Page MenuHomePhabricator

Allow adding other attributes to <Typo ...>
Open, Needs TriagePublic


The code for reading the RegExTypoFix seems to depend on only known attributes in the XML definition of a regexp. Would it be possible to modify the regexp so that other attributes can be added, even if they're not used by AWB?

It would allow defining other attributes that other tools could use: for example, an identifier for the regexp, a flag indicating if the fix can be applied automatically... It would be ufesul for me to implement T258889 for disabling specific regexp in WPCleaner, or other features I've in mind.

private static readonly Regex TypoRegex = new Regex("<(?:Typo)?\\s+(?:word=\"(.*?)\"\\s+)?find=\"(.*?)\"\\s+replace=\"(.*?)\"\\s*/?>", RegexOptions.Compiled);

First proposition

Allow any extra attributes after the 3 existing attributes (word, find, replace). Just replace the existing regular expression by:

private static readonly Regex TypoRegex = new Regex("<(?:Typo)?\\s+(?:word=\"(.*?)\"\\s+)?find=\"(.*?)\"\\s+replace=\"(.*?)\"(?:\\s+[a-z]+=\".*?\")*\\s*/?>", RegexOptions.Compiled);

I just added a non capturing group repeated 0 to n times (?:\\s+[a-z]+=\".*?\")* for extra attributes.

Second proposition

Allow any attributes in any order. The regular expression can be simplified:

private static readonly Regex TypoRegex = new Regex("<(?:Typo)?(?:\\s+([a-b]+)=\"(.*?)\")+\\s*/?>", RegexOptions.Compiled);

The regular expression will capture a series of attribute name and attribute value, so the code will need to be modified to extract the values for word, find and replace, and check that find and replace do exist. A suggested patch for the loop on the Matches (not tested or compiled):

foreach (Match m in TypoRegex.Matches(text))
    string find = null;
    string replace = null;
    for (int i = 1; i < m.Groups.Length - 1; i += 2)
        if (string.Equals("find", m.Groups[i].Value))
            find = m.Groups[i + 1].Value;
        if (string.Equals("replace", m.Groups[i].Value))
            replace = m.Groups[i + 1].Value;
        if (!string.isNullOrEmpty(find) && !string.isNullOrEmpty(replace))
            typoStrings.Add(find, replace);
    catch (ArgumentException)
        RegExTypoFix.TypoError("Duplicate typo rule '" + find + "' found.");
        return new Dictionary<string, string>();

Event Timeline

NicoV created this task.Jul 26 2020, 5:27 PM
Restricted Application added a subscriber: Aklapper. · View Herald TranscriptJul 26 2020, 5:27 PM
NicoV updated the task description. (Show Details)Dec 5 2020, 9:04 AM
NicoV updated the task description. (Show Details)Dec 7 2020, 10:34 AM
NicoV added a subscriber: Rjwilmsi.Dec 7 2020, 10:37 AM

Hello @Rjwilmsi (or other AWB developer?): what is the process to submit patches?

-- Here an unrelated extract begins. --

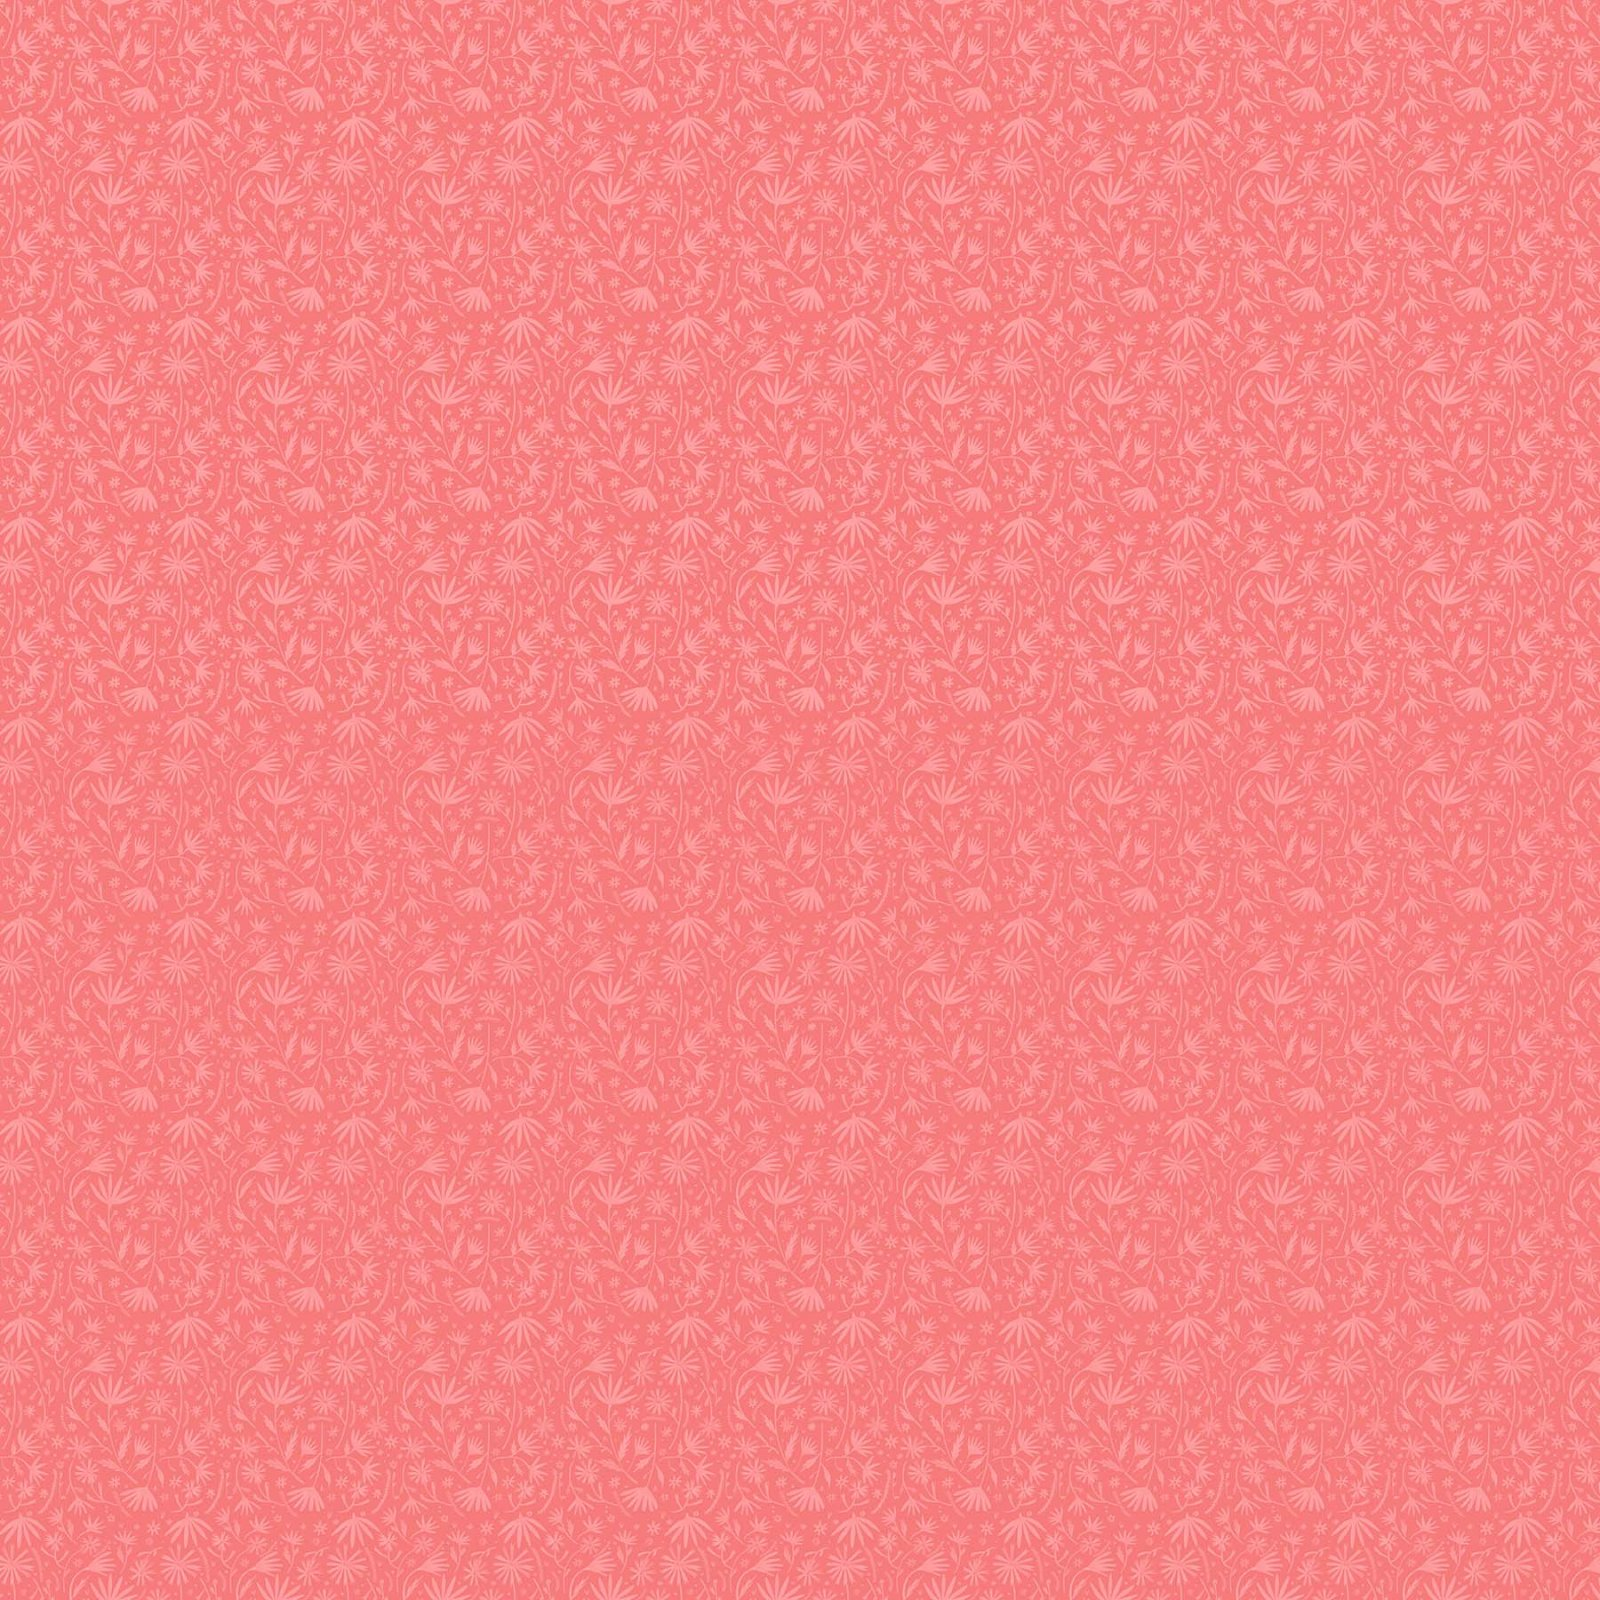 90035/22 Coral: Eloise's Garden (Abigail Halpin)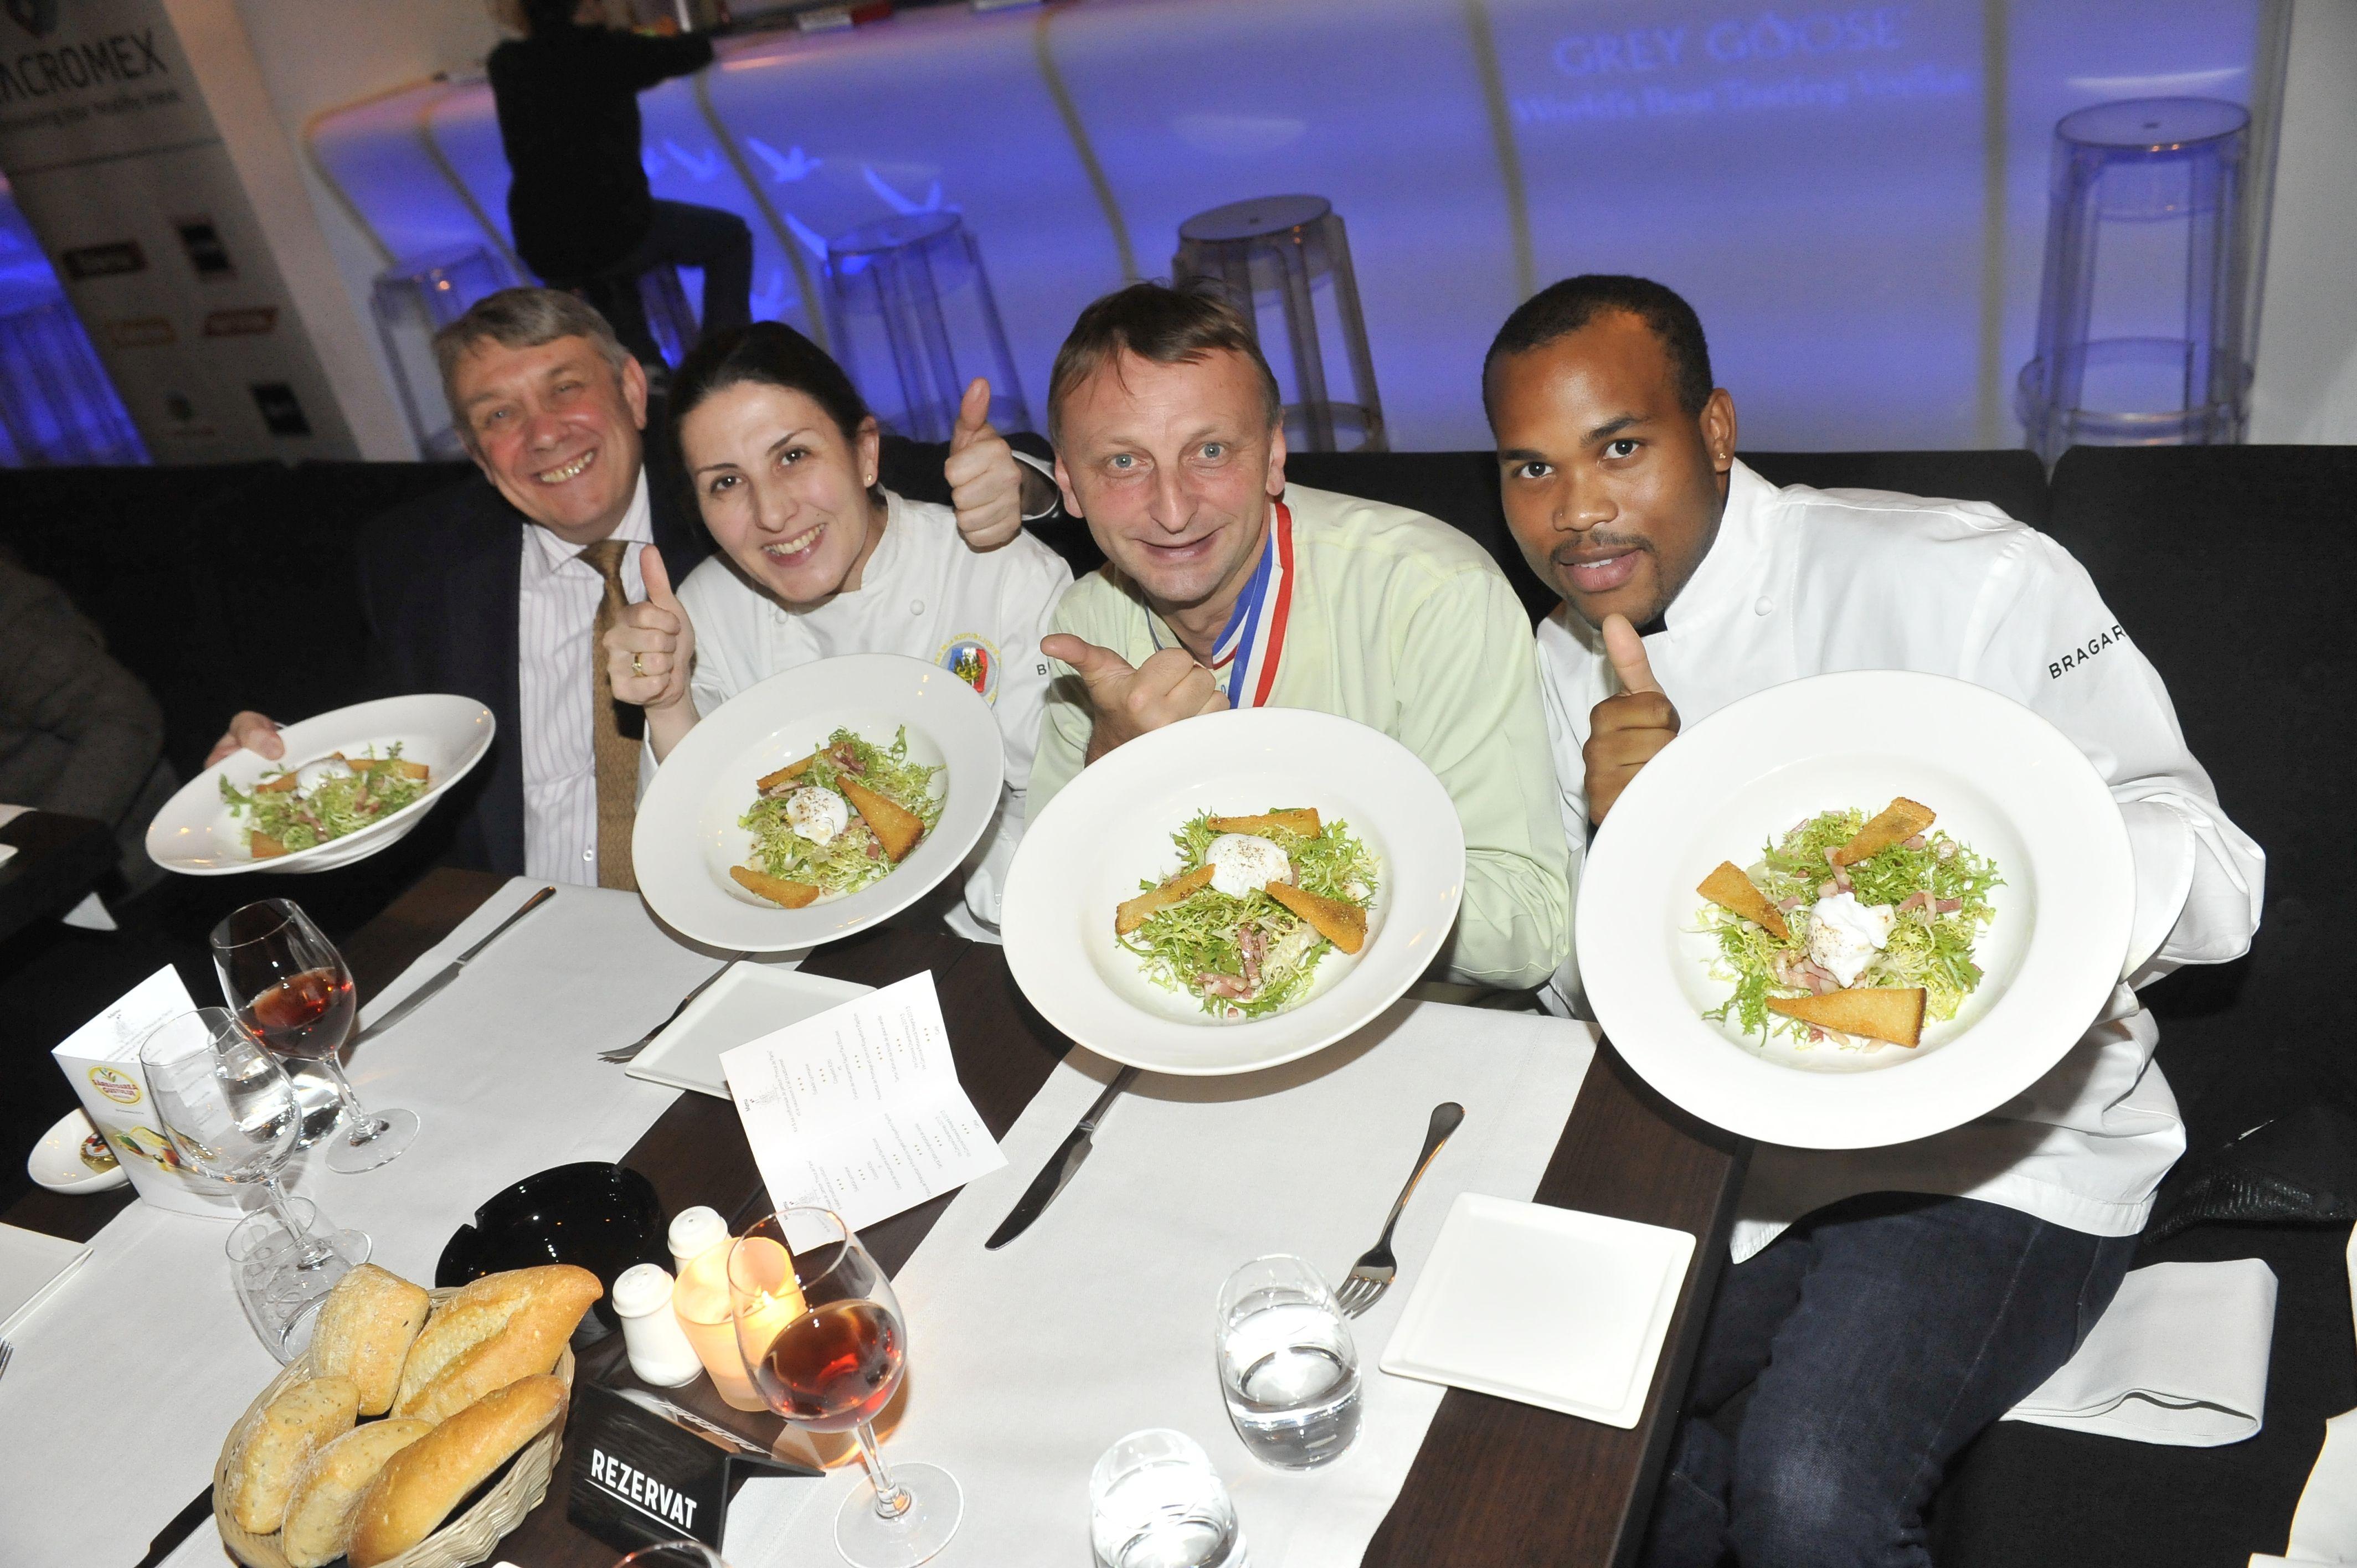 Sarbatoarea-Gustului-La-Grade-Tablee-47-Chef-VIP01

NicoV updated the task description. (Show Details)Dec 7 2020, 10:40 AM

@NicoV the info here is enough to understand the change wanted, however it needs to be coordinated with an AWB release as we can't make changes to typo list pages until a new AWB release with this change has been rolled out.

NicoV added a comment.Dec 16 2020, 6:41 AM

Thanks @Rjwilmsi

Yes, I understand that typo list pages can only be changed once a new AWB release has been rolled out (and probably after some time to be sure users have upgraded). That's why I'm pushing to include this patch, so that it won't be too long before modifications can be made in the typo list pages. At least, once I know this patch will be included, I can also start modifying WPCleaner to take advantage of this, even before we can add the new attributes to the typo list.